For greenfield deployments an immersion based solution is likely to become the norm, Cisco believes, whereby all the internal components of a server node sit fully immersed inside a liquid bath, typically comprised of a non-electrically conductive dielectric fluid.
However, the firm is currently focused on the evolutionary approach, to help customers that are still deploying standard server form factors in standard racks in their datacentres with equipment such as Cisco’s rack servers and the UCS X Series of modular unified compute systems.
“And the liquid is another thing which we are working through right now with various vendors between a combination of water, glycol or some of the refrigerants, and there are a lot of new refrigerants coming out, which will help address some of the customer’s concern with respect to leaks and whatnot,” said Mattur. “These refrigerants have to be net zero friendly, we can’t just use something which has a very good cooling performance, but it’s not net zero. That’s not acceptable. Also, we need to pick something which does not necessarily require a big refrigerator to go through the phase change.”
According to Mattur, liquid cooling now only represents a small fraction of the overall server market, perhaps 2.5 percent, but this is set to grow dramatically with the next couple of generations of processor from Intel and AMD.
Mattur said that Cisco’s vendor partners had told them that with the next generation processor platforms from Intel and AMD coming out later this year, the Eagle Stream/Sapphire Rapids platform and AMD’s Genoa, they plan to support air cooled CPU stacks for about 90 percent of the systems, but expect they will need both air and liquid cooling for the top 10 percent of high performance SKUs.
“So what we are planning to is continue to support them in air cooled, but we are also looking to maybe sometime late next year, provide a solution to enable some of these liquid cooling SKUs coming out of these vendors to be able to cool using one of our technologies,” he said, adding “you will see that in a very small deployment probably coming out second half of next year.”
The real requirements will come in the 2024 timeframe, according to Mattur, with the Intel “Birch Stream” server platform (which should be the “Granite Rapids” CPU) which is expected to see about 15 percent of deployments shipping with liquid cooling.
“We’ll definitely have some solution to address that assuming we are going to go after the market. That’s something we need we need to work through at Cisco, as we need to protect our share of the market, as you can understand,” he said.
By 2025, Mattur predicts, the market will see all Tier one vendors and some Tier two volume vendors offering some sort of liquid cooling along the lines of the evolutionary approach he outlined above.
Cisco is already addressing this in its UCS X Series, which Mattur said has designed this to last for the next decade
Mattur said that Cisco has already begun addressing some of these requirements in its UCS X series, which the company claimed has designed to last for the next decade.
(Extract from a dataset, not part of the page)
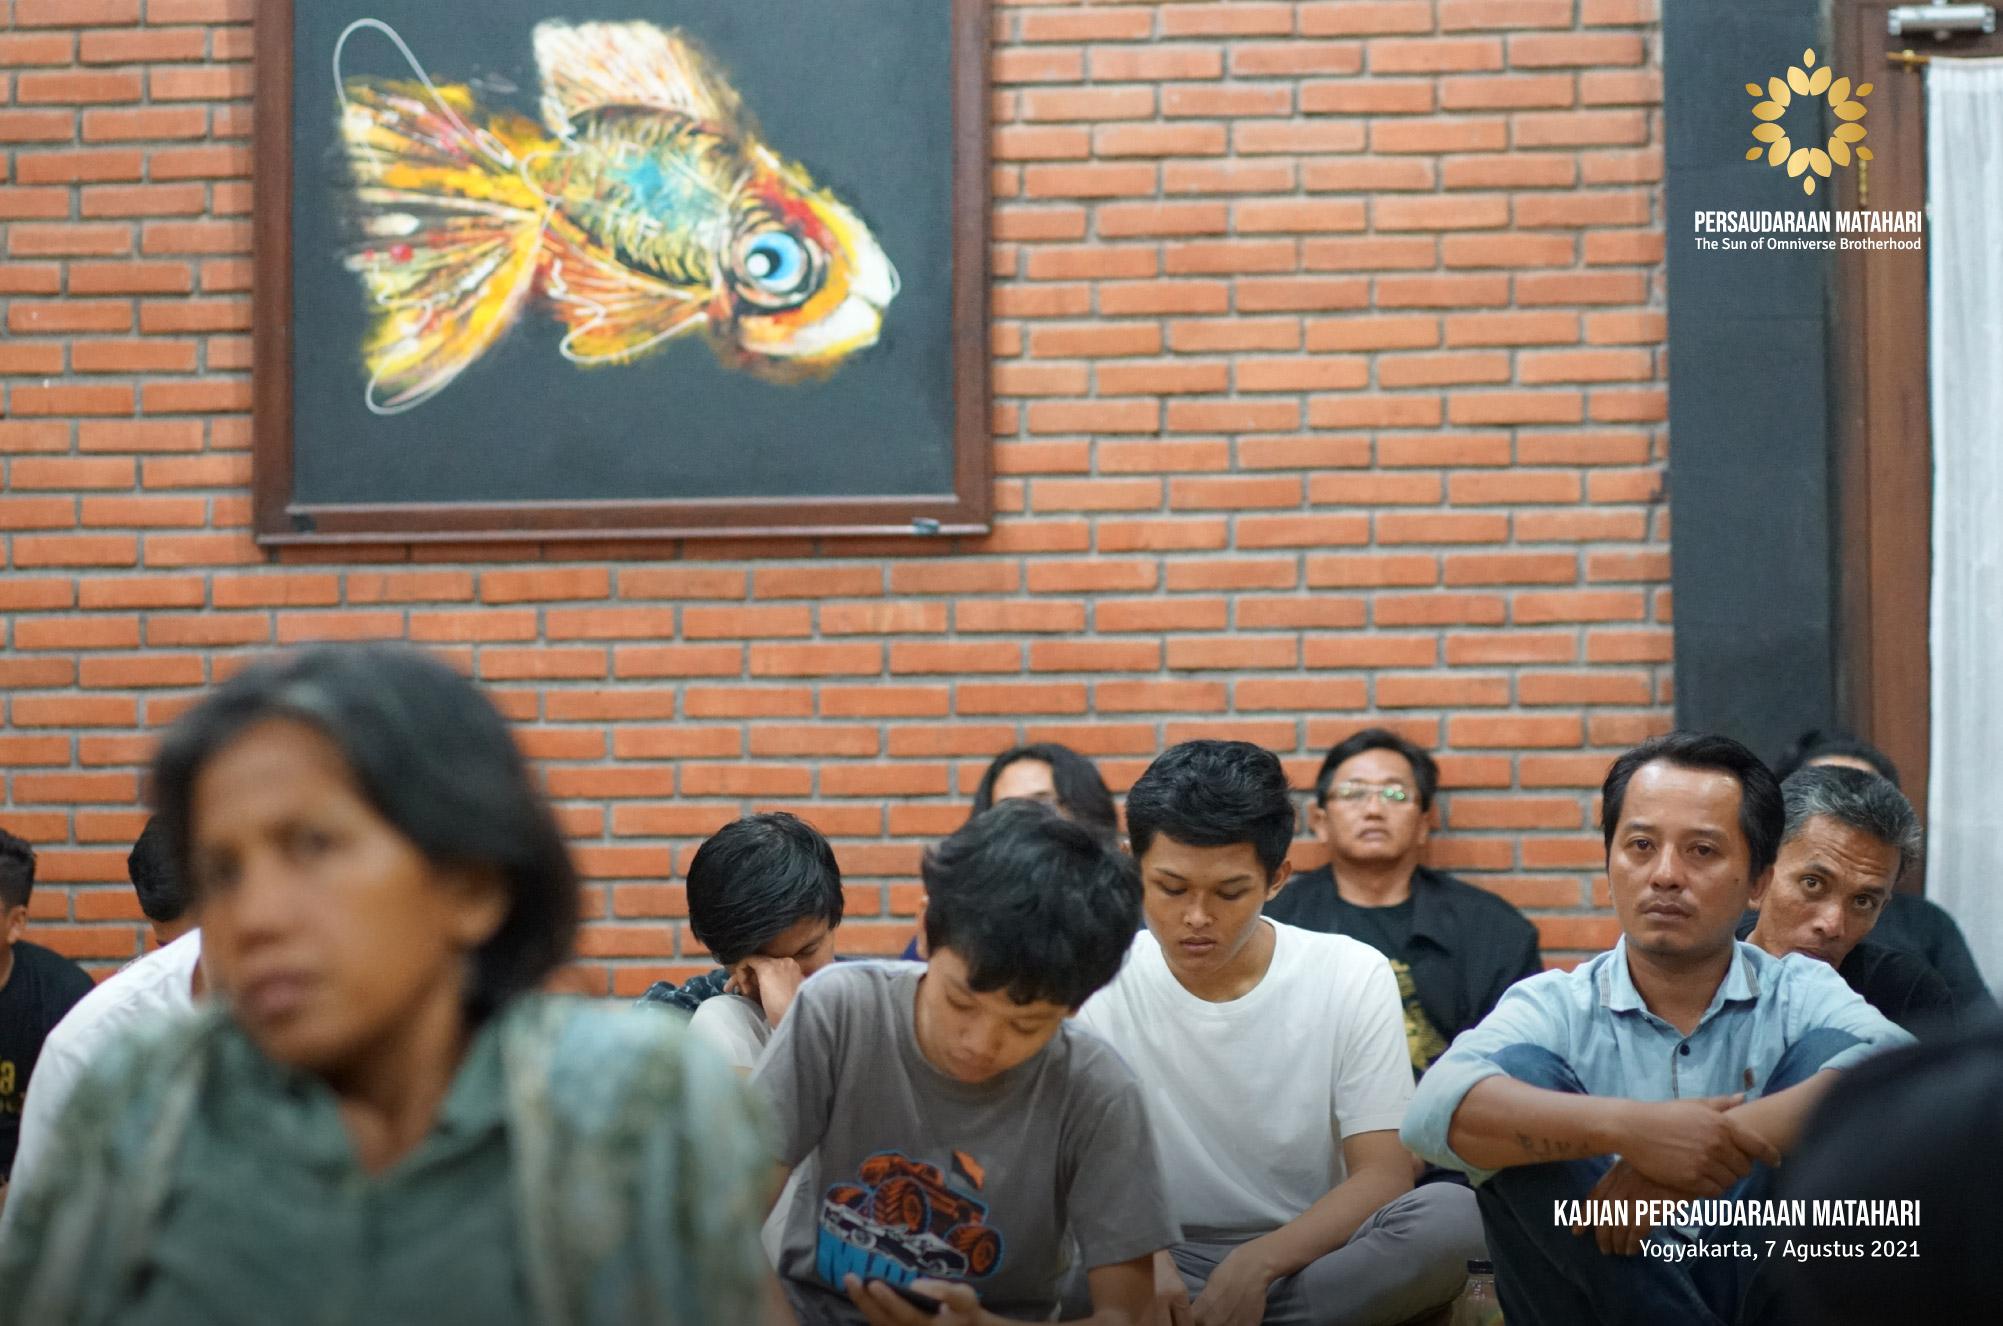 Kajian Yogyakarta – 7 Agustus 2021

It has been released with air cooling but can easily be adapted for liquid cooling, and customers will likely see these within the next generation of CPU deployments.
“Our goal is to not only offer liquid cooling on X Series just for the high end CPU TDP SKUs we want to target some of the mid-tier CPUs where Intel provides both air cooled and liquid cooled, and by doing that we can also address some of the net zero aspect of it by spinning the fan less. So you can bring down the fan power say by 5 percent, and that itself can save probably several tonnes of carbon footprint per year,” he explained.
Liquid cooling may also extend to the entire datacenter eventually, Mattur believes, with centralised cooling distribution and plumping extending across the site for the entire aisle, several aisles or the entire datacenter, which would deliver cold liquid and return the heated liquid.
“Yes, we do see that happening at some point Again, I don’t know how soon that will happen, perhaps in the second half of the decade,” he said.